Hmmm. You may or may not be aware of this, but a typical business-class seat costs about five times more than a coach seat. So that's a pretty expensive way to save a few hours.

Well, it looks pretty. But can it fly?

Among the vast vacationing middle class, this won't matter. They won't pay fares like this. Among the rich, it also doesn't matter. They'll pay the higher fare without blinking. Hell, they'll pay for a business-class Overture seat, and God only knows how much that will cost. The key, as always, is corporate executives and the upper tier of the middle class.

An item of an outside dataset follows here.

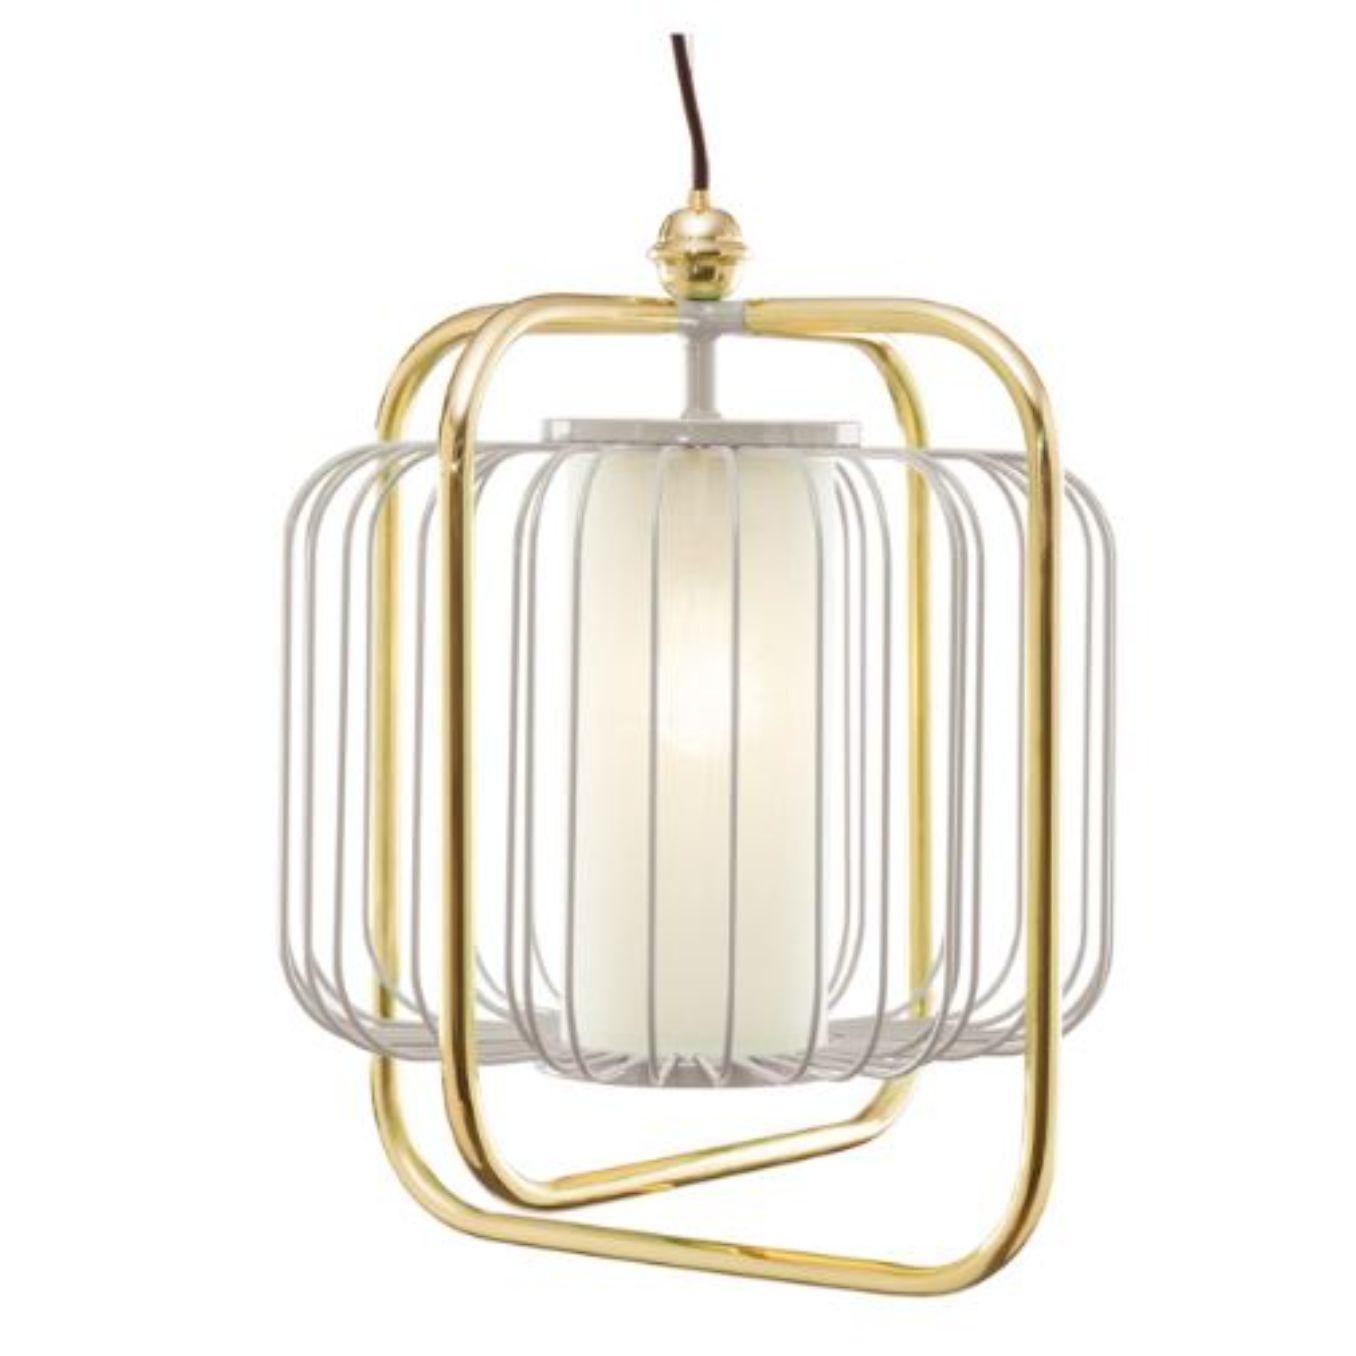 Brass and Taupe Jules III suspension lamp by Dooq
Dimensions: W 38 x D 38 x H 44 cm
Materials: lacquered metal, polished or brushed metal, brass.
abat-jour: cotton
Also available in different colours and

They'll make up the bulk of the market, and it's unclear how much they'll be willing to pay for a squashed¹ but faster flight to Heathrow.

Based on the Concorde experience, which was mostly marketed to the jet set and eventually failed for lack of passengers, I have my doubts about this, especially since the Overture will almost certainly come onto the market late and with fewer features than promised. We'll see in 2029 I guess.

¹At least, I assume that a standard seat will be fairly squashed. This plane is likely to be right on the edge of being a moneymaker, and that means lots of seats and high prices.

57 thoughts on “Are supersonic flights in our future, eventually?

  1. DButch

    I saw an AP article about this - reprinted in the Seattle Times this morning. There's some skepticism about the 2029 delivery date and whether that's realistic given Boeing's experience getting FAA approval. Granted, a good bit of that is self-inflicted wounds, but still... One other analyst was concerned that Boom (really?) Supersonic has not settled on an engine manufacturer:

    "With a supersonic jet, you don't design a plane, you design an engine first."

    1. MontyTheClipArtMongoose

      The name was inspired by noted air pirate Michael Dukakis, famous for bombing planes during his futile run for president as the Democrat nominee in 1988.

    2. Brett

      There's a good Youtube video on this, by a former engineer. The engine was something he particularly pointed out as an issue of concern - there's no real good supersonic passenger engine out there, and unlike subsonic turbofans engines there haven't been many years of work in getting them to the fuel efficiency and reliability that a profitable passenger airline needs.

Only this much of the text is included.